I didn't think, Oh my God, what if I did get it wrong? because I knew I was right, because I'd been there and I'd seen it, so I had no doubts in my own mind that my journalism was good.
Presenter asks
How have you coped with the trauma of your work over the years?
I think I'm reasonably well adjusted. I think I'm able to see things in context. There have been some very difficult moments, you know. I ended up with a few years ago with some very severe depression. I took time off work, I took meds. I think you've got to count your blessings in life and not get too tied up in things. And I had cancer a few years ago and touch wood. I've been in remission now for four and a half years, and it was quite a serious tumor. So I think that has also helped me get a sense of perspective on life because I've always been a fairly glass half full rather than half empty person, and that maybe changed for a while. And I think actually having had cancer brought back the more optimistic Jeremy.
“It used to relax me, I think. Probably it was a good therapy as you drove along thinking, Well, I hope I'm not gonna get shot.”
“My father going off, disappearing for a few days and coming back with his trousers caked in this black slurry that had come down from the tip onto the village and onto the school.”

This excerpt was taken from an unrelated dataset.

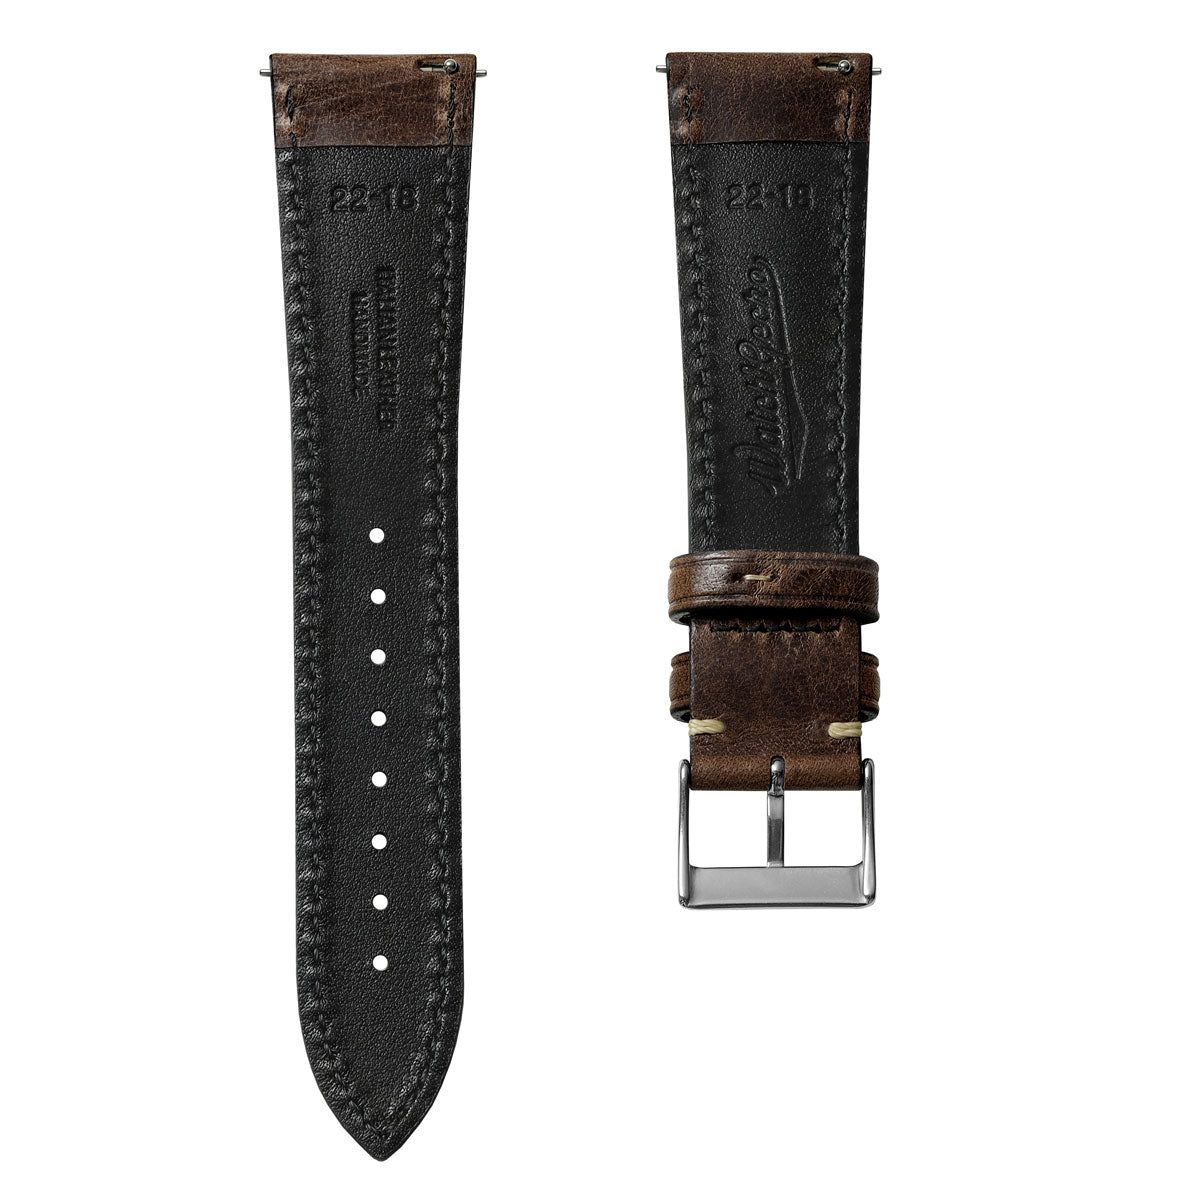 Classic Highley Genuine Leather Watch Strap - Chocolate Brown

“I felt indestructible. I mean that later on changed. But at the time that was very much how I felt.”
“I was really gobsmacked actually because then when I was on air talking about it and we had just started to do live rolling news at that point at the BBC, I was asked by Peter Sissons, I was describing what had happened, and he said ... Something clicked in in my head and I said, Look, I can only go by what I have seen with my own eyes and I have seen the bodies.”
“I do feel I bear some responsibility because I decided to stop. However, had we kept going, they might have killed us all in the car.”